Creating indicator variable columns in dplyr chain

Question

Creating indicator variable columns in dplyr chain

Updated . Apologizing to those who answered, in my original example, I overlooked the fact that data.frame() created var as a factor, and not as a character vector, as I expected. I fixed the example and this will break at least one of the answers.

- original -

I have a data frame in which I perform a series of dplyr and tidyr operations, and I would like to add columns for indicator variables that will be encoded as 0 or 1, and do this in the dplyr chain. Each factor level (currently stored as symbolic vectors) must be encoded in a separate column, and column names are the concatenation of a fixed prefix with a variable level, for example. var has level a, the new var_a column will be 1, and all other var_a rows will be 0.
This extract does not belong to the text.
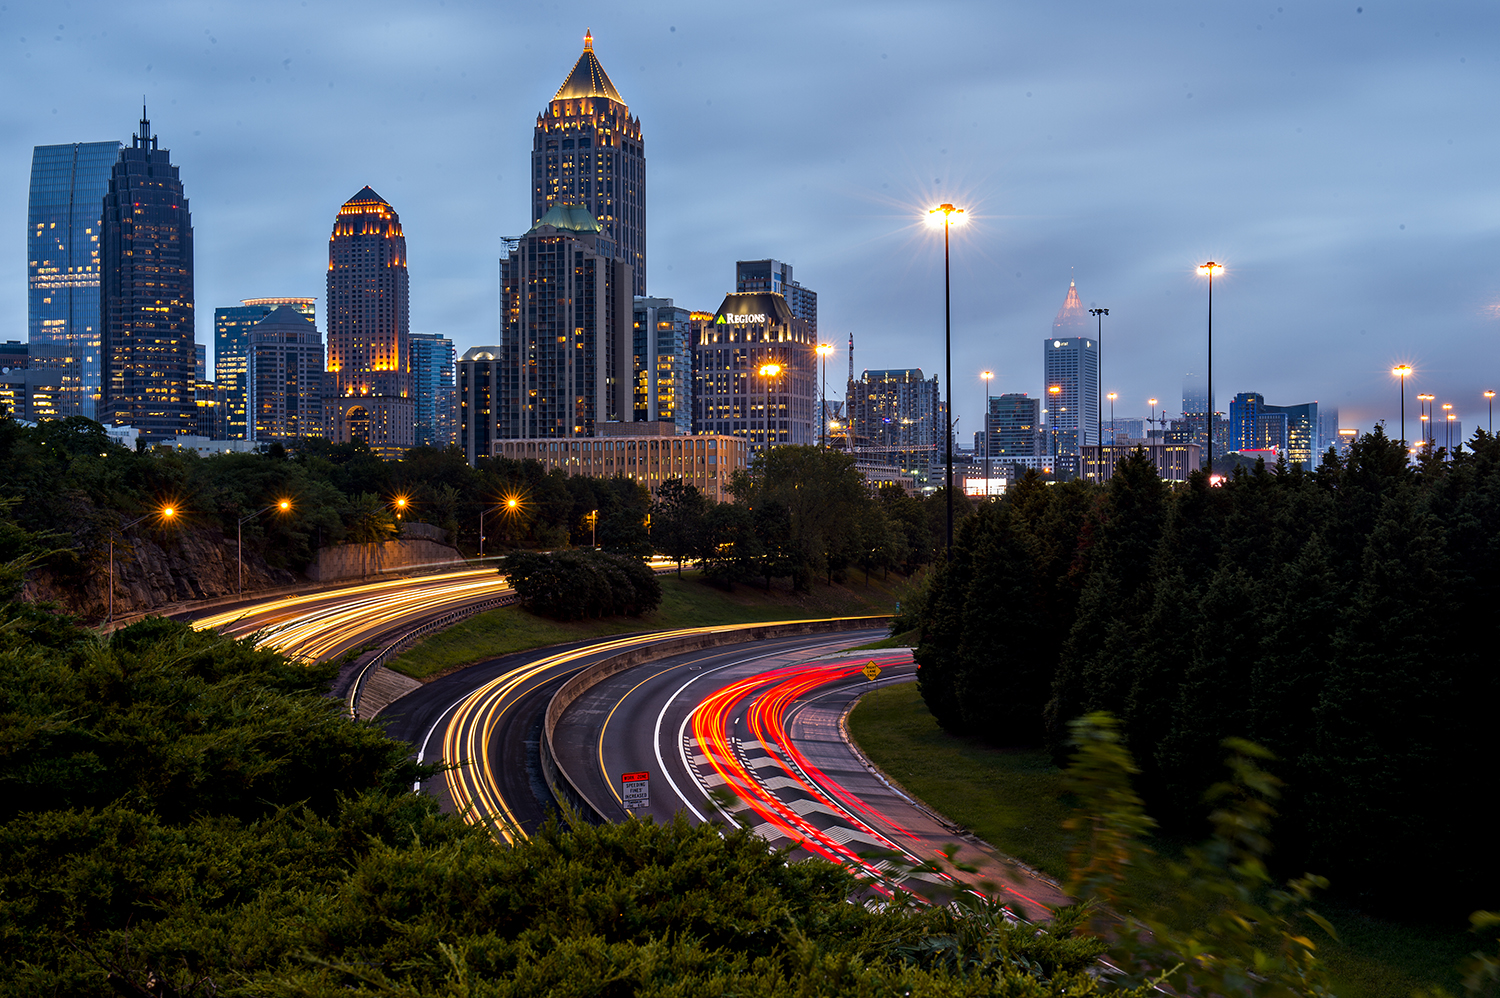 A scene of blurred traffic and many high-rises against a blue sky in Atlanta.
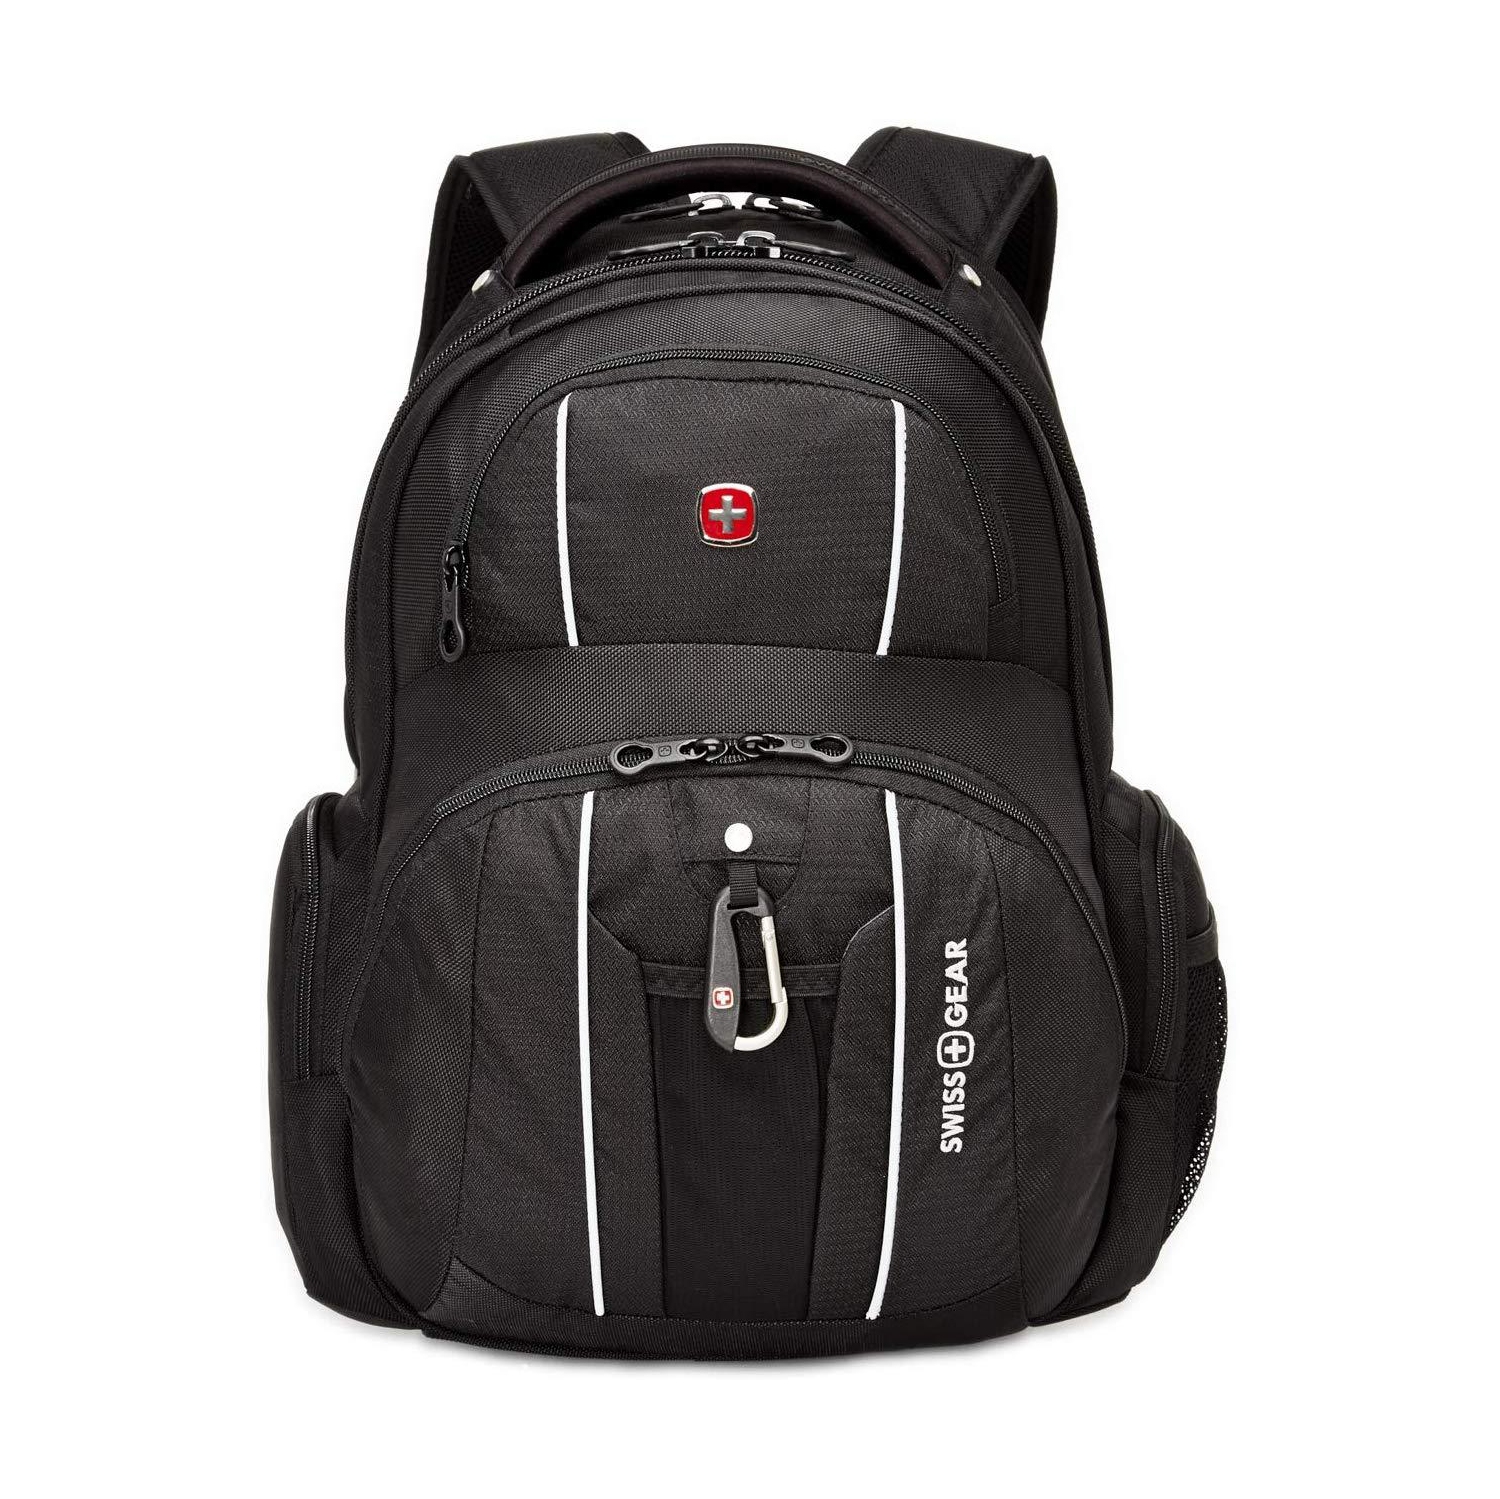 Swiss Gear Under Seat Size Rainproof Backpack for Laptop - Holds Up to...

The following minimal example using the R base gives exactly the results that I want (thanks to this blog post ), but I would like to flip all this into the dplyr chain and cannot figure out how to do this.

 library(dplyr) df <- data.frame(var = sample(x = letters[1:4], size = 10, replace = TRUE), stringsAsFactors = FALSE) for(level in unique(df$var)){ df[paste("var", level, sep = "_")] <- ifelse(df$var == level, 1, 0) }

Note that the actual data set contains several columns, none of which should be changed or deleted when creating indicator variables, except for the var column, which can be converted to a type factor.

+8

r dplyr tidyr

Tom Mar 11 '16 at 15:02

source share

4 answers

The only requirements for a function that should be part of the dplyr pipeline are that it takes a data frame as input and returns a data frame as output. So using model.matrix :

 make_inds <- function(df, cols=names(df)) { # do each variable separately to get around model.matrix dropping aliased columns do.call(cbind, c(df, lapply(cols, function(n) { x <- df[[n]] mm <- model.matrix(~ x - 1) colnames(mm) <- gsub("^x", paste(n, "_", sep=""), colnames(mm)) mm }))) } # insert into pipeline data %>% ... %>% make_inds %>% ...

+3

Hong ooi Mar 11 '16 at 17:10

source share

This is possible without creating a function, although it requires lapply . If var is a factor, you can work with its levels; we can bind its columns to lapply , which traverses var levels and creates values, calls them using setNames and converts them to tbl_df .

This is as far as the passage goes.